Dean you have impossible task ahead of you if you think you retrain bo-bo. Every commentor hit right on.
David Brooks is a propagandist. The only education a propagandist wants is to know how better to deceive people. How the budget actually works is of no interest to him. He wants to scare people out of voting for Obama and will use any means available.
The people who need to be educated are his intended victims, the American voters.
A shout out to Bluegal and Driftglass who skewer Brooks on a weekly basis on their blog TheProfessionalLeft. A great hour of listening.
Maybe you should educate Obama to the fact that budgets are about priorities. It is not David Brooks you need to educate since he is being paid to merely confuse the American people.
You need to focus on educating Obama and the Democrats because they are the one’s who actually are in the decision-making positions and while David Brooks might be way off base he isn’t making any of the decisions.
Have you looked at Obama’s budget and studied it closely? Actually, you don’t have to study his budget priorities that closely to determine his priorities lie in feeding the merchants of death and destruction while without any help at all from David Brooks Obama is doing a damn good job starving the social programs in order to feed the war machine.
I suspect you, Paul Krugman and Robert Reich are in preparation for endorsing Obama’s re-election so you turn to “educating” David Brooks instead of educating Obama, Congress and the American people on the dark days ahead as Wall Street’s military-financial-industrial complex fed by Obama and the Democrats chokes and starves us with austerity measures.
Check out the real cost of militarism and war and don’t bother to teach David Brooks anything; educate yourself teach Obama about the need for peace:
http://nationalpriorities.org/analysis/2012/presidents-budget-fy2013/
Karl Marx pointed out long ago that when a nation uses its resources for militarism and wars this is just like dumping the wealth of the nation into the deepest depths of the oceans.
I differ with you only in the sense that cheese has been insulted.
Bobo is, in today’s DC/NYC universe, a successful apparatchik.
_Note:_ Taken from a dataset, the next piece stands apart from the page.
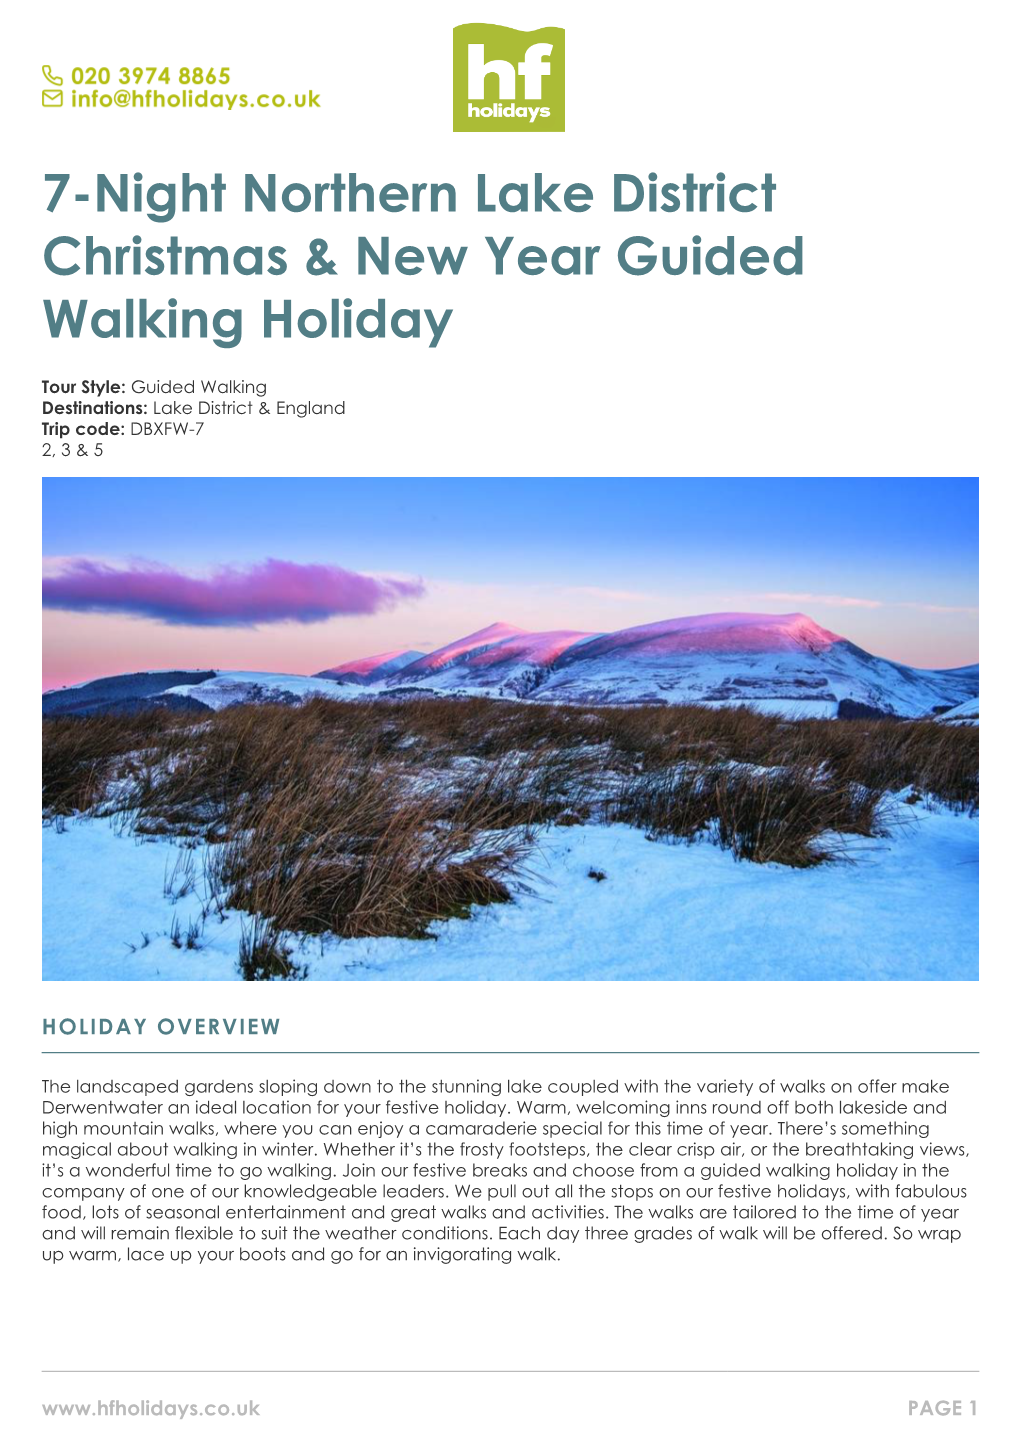 7-Night Northern Lake District Christmas & New Year Guided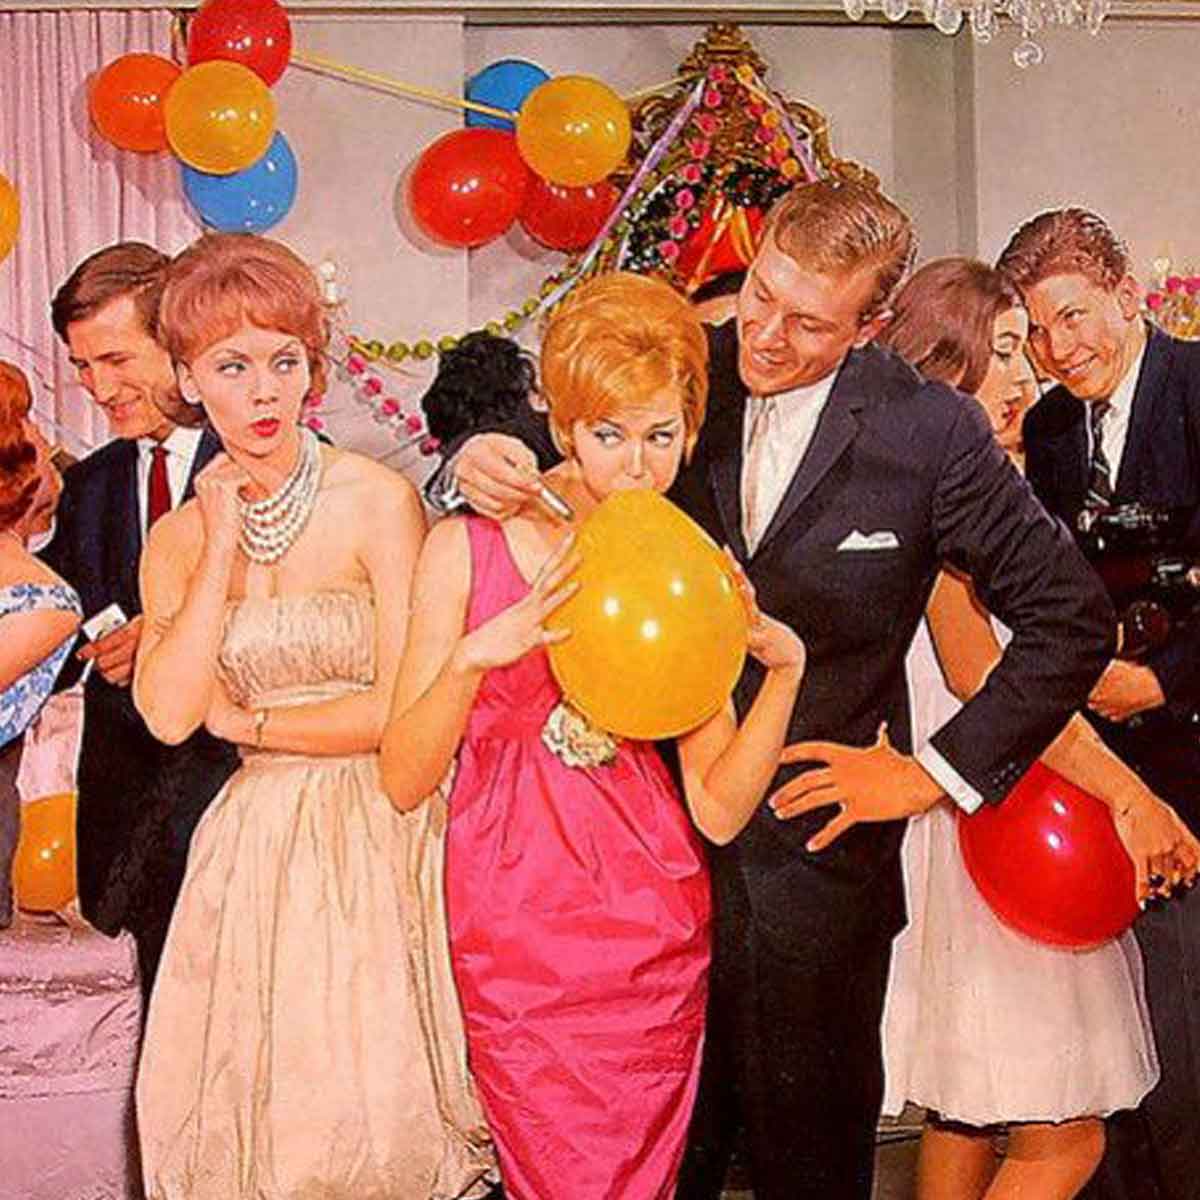 An illustration of 1950's party: a man is holding his cigarette close to a ballon while a woman watches on with scorn.

His weekends are probably quite relaxed.
Today’s “conservatives” don’t hold a candle to Safire, or, for that matter, Nixon. Today’s “conservatives” make Nixon look like a great guy and sober leader.
Only if you are too young to remember Nixon the author and founder of today’s wingnuts.
Mr. Brooks is the sort of scribe who dips his pen in the well of arts and letters for prose equal a fracking engineer but far more gas. He is a pet stain on the tapestry of history.
David Brooks? Who cares what David Brooks has to say?
Why does David Brooks have to “learn anything?” Obama is the one you should be talking to, Baker.